Бремя тщеславия

                Фикус, старый добрый фикус, всегда был её лучшим другом. Она заботилась о нём, протирала толстые тёмно-зелёные листья, поливала, прикрывала штору, если ей казалось, что жара стала невыносимой даже для этого любителя солнца. Он, как истинный друг, выслушивал её, не перечил и,  как ей казалось, вздыхал в нужных местах. Иногда, когда была возможность, она заваривала чай, садилась рядом и молча наслаждалась горячим напитком. В тишине витало столько  взаимопонимания, сколько не бывает и в беседах. Одним словом они были воплощением того, что называется словом друзья.

                Вечером, когда солнце уже скрывалось за горизонтом, появлялась долгожданная прохлада, Юля проветривала помещение, где жил её лучший друг, готовилась ко сну, сбрасывала покрывало со старой деревянной кровати, закрывала куцые, марлевые занавески, кровать издавала традиционный стон, принимая Юлино тело и, перед тем как заснуть, она желала доброй ночи своему фикусу.

                Но задолго до того, как началась их дружба, Юлию окружала целая толпа людей. И сейчас, перед сном, она гнала их лица от себя, но они настырно стучались в её сознание.

                — Мама, — это маленький, насупленный Ник, — мама, почему я не буду участвовать в соревнованиях?

                — По кочану и кочерыжке, — не задумываясь отвечала худая жилистая женщина с прямыми, жёсткими волосами.

                — Но, мама, а вот Стас будет выступать, но я же тоже готовился!

                — Для Стаса у меня есть лошадь, для тебя нет, сколько можно повторять! — Возмутилась Юля, и закрутив получше поводья от оголовья, пустила лошадь бегать на корде по кругу. 

                Белобрысый, с таким же вздёрнутым носом, мелкий, одним словом  весь в мать мальчик ещё какое-то время мялся рядом, пока та не рявкнула на него, чтобы шёл чистить коня для частного урока. Нику стало очень обидно, но ослушаться он не смел.

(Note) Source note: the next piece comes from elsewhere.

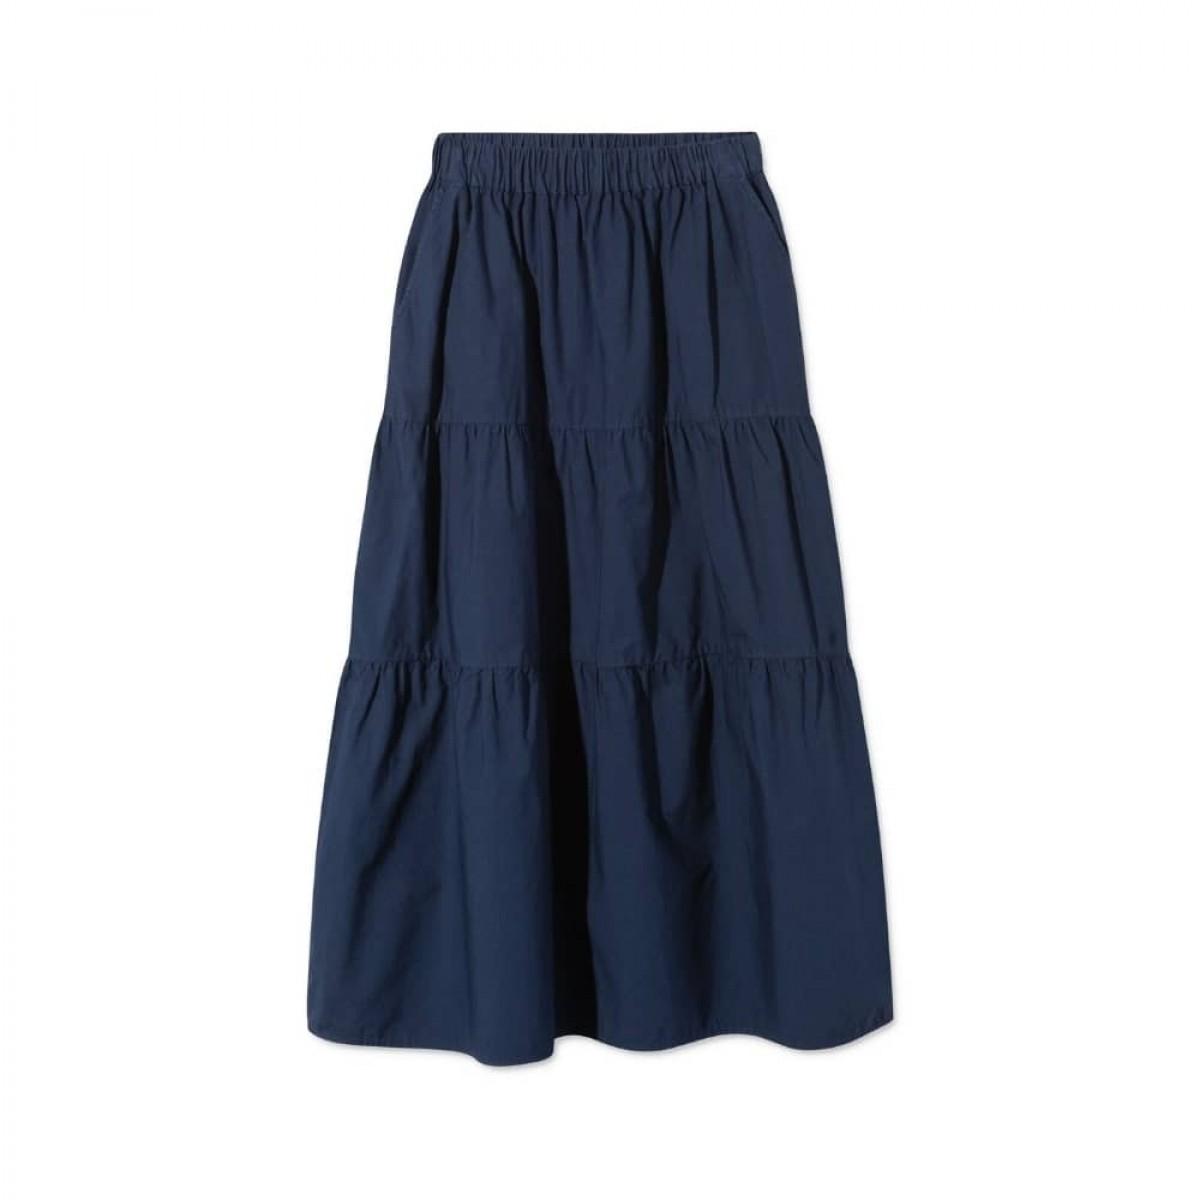 paprika nederdel - dark navy - front

Собрал старые, обгрызанные  щётки по полкам захламлённого аммунишника и пошёл выводить из денника спокойного доброго мерина по кличке Воробей. Было тому лет двадцать, он был стар, покладист, ленив и в целом приятен, несмотря на явные излишки жира. Шморкая носом, Ник смахнул веником грязь с коня, потом принялся орудовать скребницей, периодически вытряхивая из неё серую шерсть и напоследок причесал Воробья  щёткой с мягкой щетиной. Кинул потёртый и местами дранный потник, седло, взнуздал, огладил коня и уж было хотел посидеть рядом, как вспомнил про гриву и хвост. Снова вздохнул и начал разбирать волосы, вытряхивая из них грязь. Ученица платила их семье немалые деньги за тренировки по несколько раз в неделю, потому конь должен был иметь презентабельный вид.

                Явилась эта важная ученица спустя какое-то время, течение которого Ник не заметил, погружаясь в свои обиды. Девочка была чуть постарше Ника, одетая в модные вещи из конного магазина. Кожаные сапоги, жилетка с кучей карманов, в которых можно держать угощения, и даже спортивные тёмные очки. Ник никогда не носил очков, спасался кепкой, давно привыкнув щуриться на ярком солнце.

                — Привет! — Сказала девочка, — Я забираю Воробья. Мы пойдём разминаться.

                — Я не знаю. Если Юлия Игоревна разрешила. — Ник наградил модницу злым взглядом исподлобья.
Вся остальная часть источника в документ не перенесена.